By its very nature of dealing with the dissolution of a long-term, committed relationship, divorce is inherently complicated, difficult and emotional for most people. It is natural and understandable to have intense feelings about the end of your marriage, even if you know divorce is the best decision for you and your spouse.
Regret, anger and frustration can lead people to make problematic decisions during their divorce. Some of those decisions can have legal and financial repercussions. Working with an experienced Colorado divorce attorney is important for anyone considering divorce, but especially those who find themselves intensely emotional at the end of their marriage.
An attorney can guide you to rational decisions based on optimum outcomes
When emotions run the show, your divorce strategy will suffer. Instead of focusing on what will make you happiest or set you up for the best possible future, you may want to hurt your spouse as a way of repaying them for the emotional injuries they have caused you. You may also want to prove a point to your ex, even if it means using your assets or your children as the means of doing so.
Your emotional reactions can lead you to say and do things during divorce that can hurt your chances of success. From making you seem overly contentious and aggressive in custody proceedings to unnecessarily diminishing assets in the pursuit of an impossible outcome, there are many ways in which your strong feelings can hurt you.
Working with an attorney will usually involve setting your own priorities for divorce. From specific terms for the allocation of parental responsibilities to the continued possession of specific assets, your attorney can help you outline concrete and achievable goals that can inform every step of the divorce process.

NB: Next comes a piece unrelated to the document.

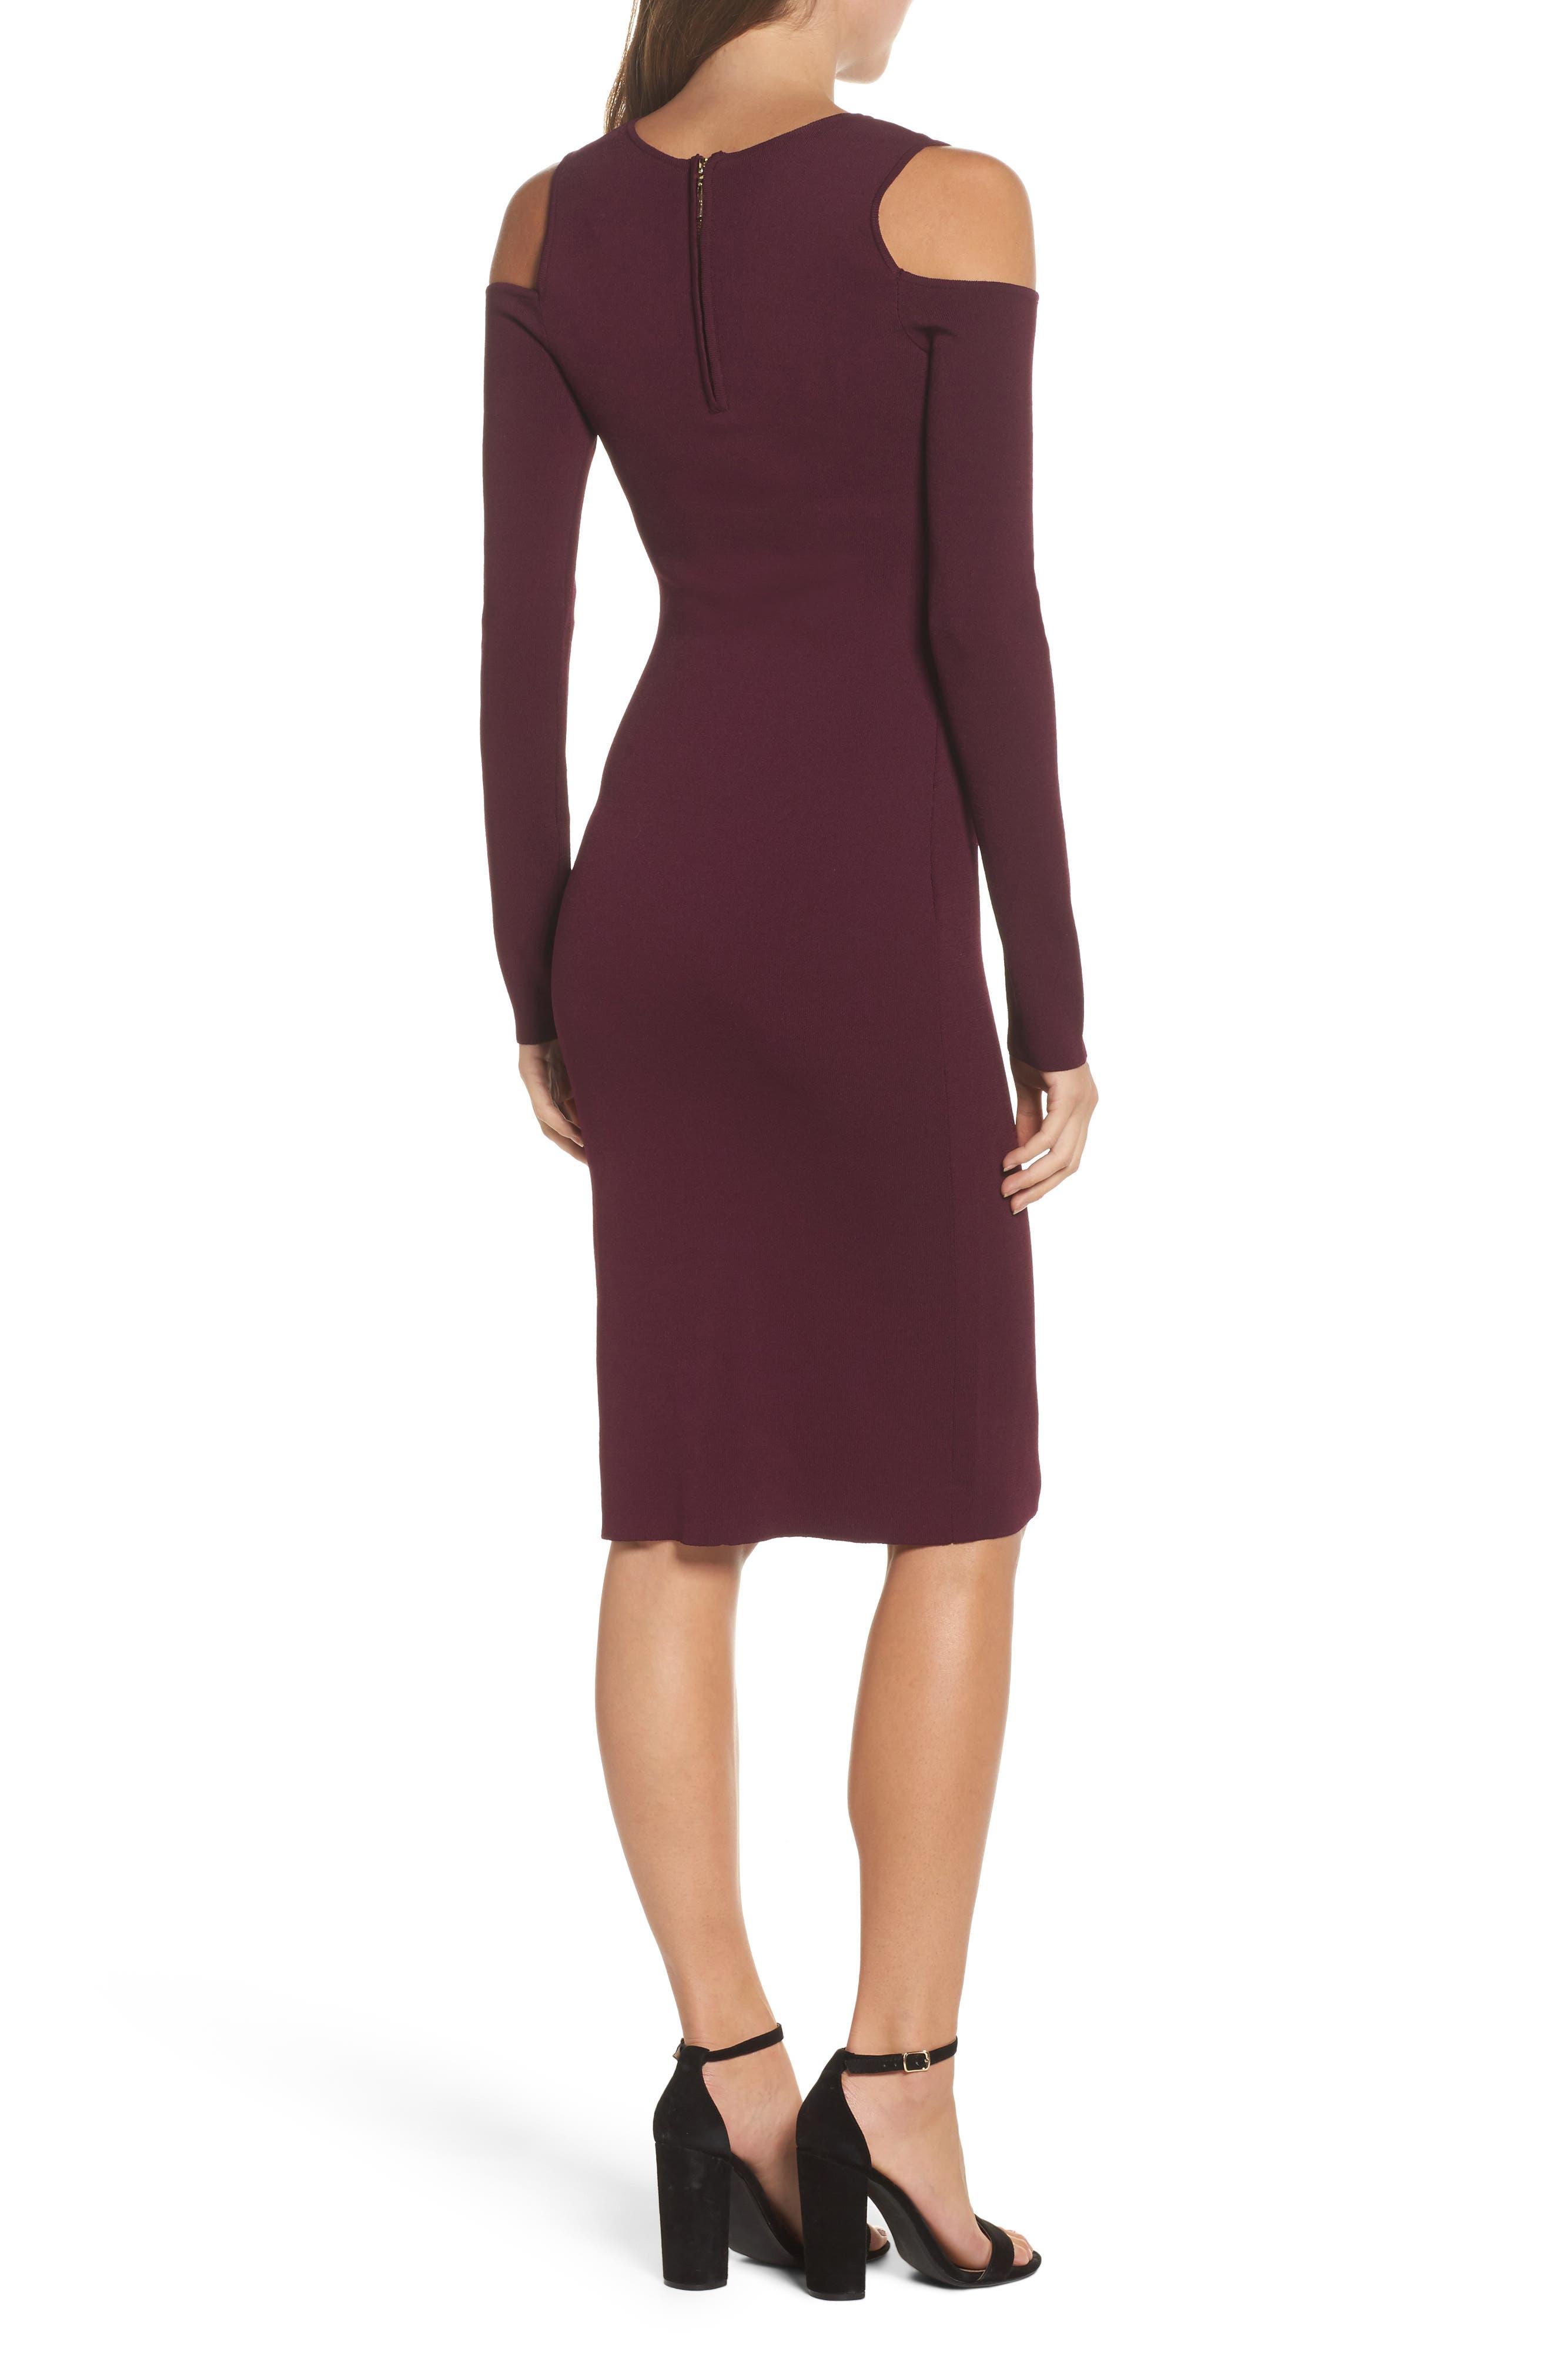 ELIZA J, Cold Shoulder Knit Body-Con Dress, Alternate thumbnail 2, color, 500
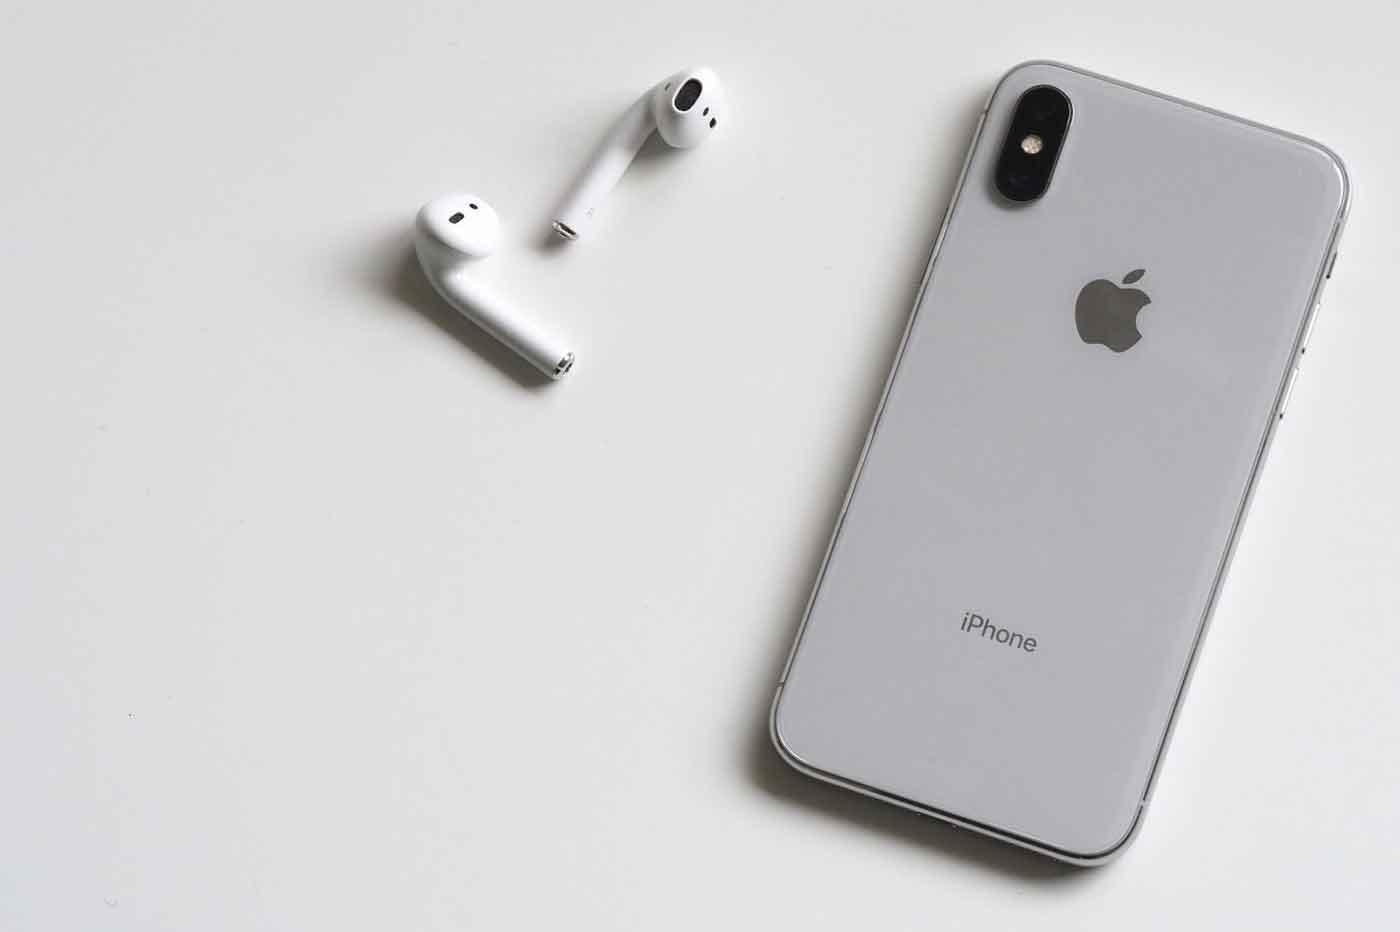 Iphone X com Airpods

An emotional person is easier to manipulate
If you have a naturally strong emotional reaction to issues, chances are pretty good that your spouse is well aware of that emotional volatility. They may very well attempt to use that against you as the divorce proceeds. They could manipulate you during negotiations or mediation, skewing the whole process in their favor. Representing yourself in a divorce with a manipulative person is usually an expensive mistake!
An attorney can help by providing insight into strategy and guidance. They can also handle negotiations and discussions on your behalf, thereby ensuring that an emotional response doesn't somehow undermine your overall strategy. Those with a manipulative ex should have that much more reason to work with an experienced legal representative.
An attorney can provide an intermediary for communications and a neutral opinion about your best options. They can also help you secure the best possible outcome to the end of your marriage.